Personal information
- Born: 4 August 1980 (age 45) Heilbronn, Germany

Chess career
- Country: Germany
- Title: Grandmaster (2003)
- FIDE rating: 2593 (July 2026)
- Peak rating: 2592 (April 2022)

= Fabian Doettling =

German chess grandmaster (born 1980)

Fabian Doettling (born 4 August 1980) is a German chess Grandmaster (2003).

==Biography==
In 1995, Fabian Doettling won the German Youth Chess Championship in the U15 age group. In 1996, in Rimavská Sobota he won the European Youth Chess Championship in the U16 age group. In 1998, Fabian Doettling ranked 5th in the World Youth Chess Championship in the U18 age group.

In 2000, 2002 and 2003, Fabian Doettling played for the German team at the Men's Chess Mitropa Cup, which in 2002 he won an individual gold medal and team silver medal, but in 2003 he became a winner in the team competition. In 2001, he shared first place in the U.S. Open Chess Championship. In 2003, Fabian Doettling won the International Chess Tournament in Bad Wiessee, but in 2005 he was the first in the International Chess Festival Untergrombach Open. In 2006, he won the International Chess Tournament in Baden-Baden, as well as the Dos Hermanas Online Chess Tournament, in which Fabian Doettling defeated Gata Kamsky, Magnus Carlsen and Bu Xiangzhi.

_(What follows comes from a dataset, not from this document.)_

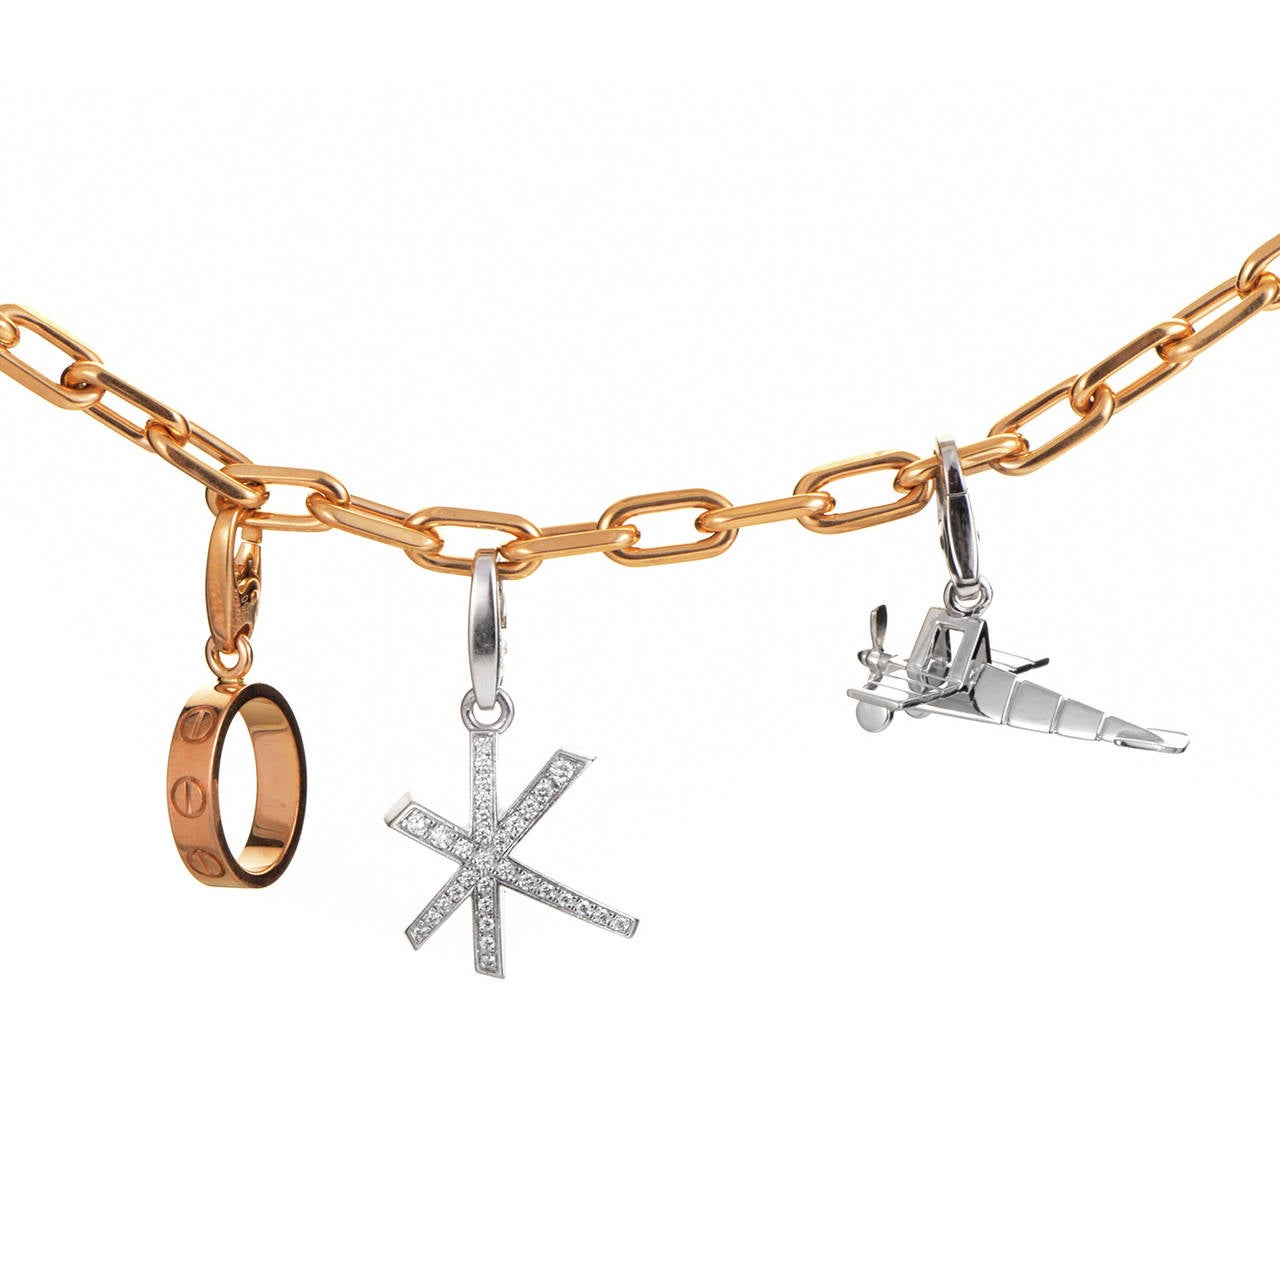 A gorgeous array of well-thought out charms makes this Cartier charm bracelet an absolute delight. The bracelet is comprised of 18K rose gold links and boasts a single rose gold charm. Two additional charms made of white gold and set with diamonds

In German team chess tournaments Fabian Doettling represented the Baden-Baden chess club OSC Baden-Baden. He is a five-time Chess Bundesliga winner (2006-2009, 2011) and a triple winner of the German Chess Cup (2007, 2008, 2015).

In 2000, he was awarded the FIDE International Master (IM) title and received the FIDE Grandmaster (GM) title three years later.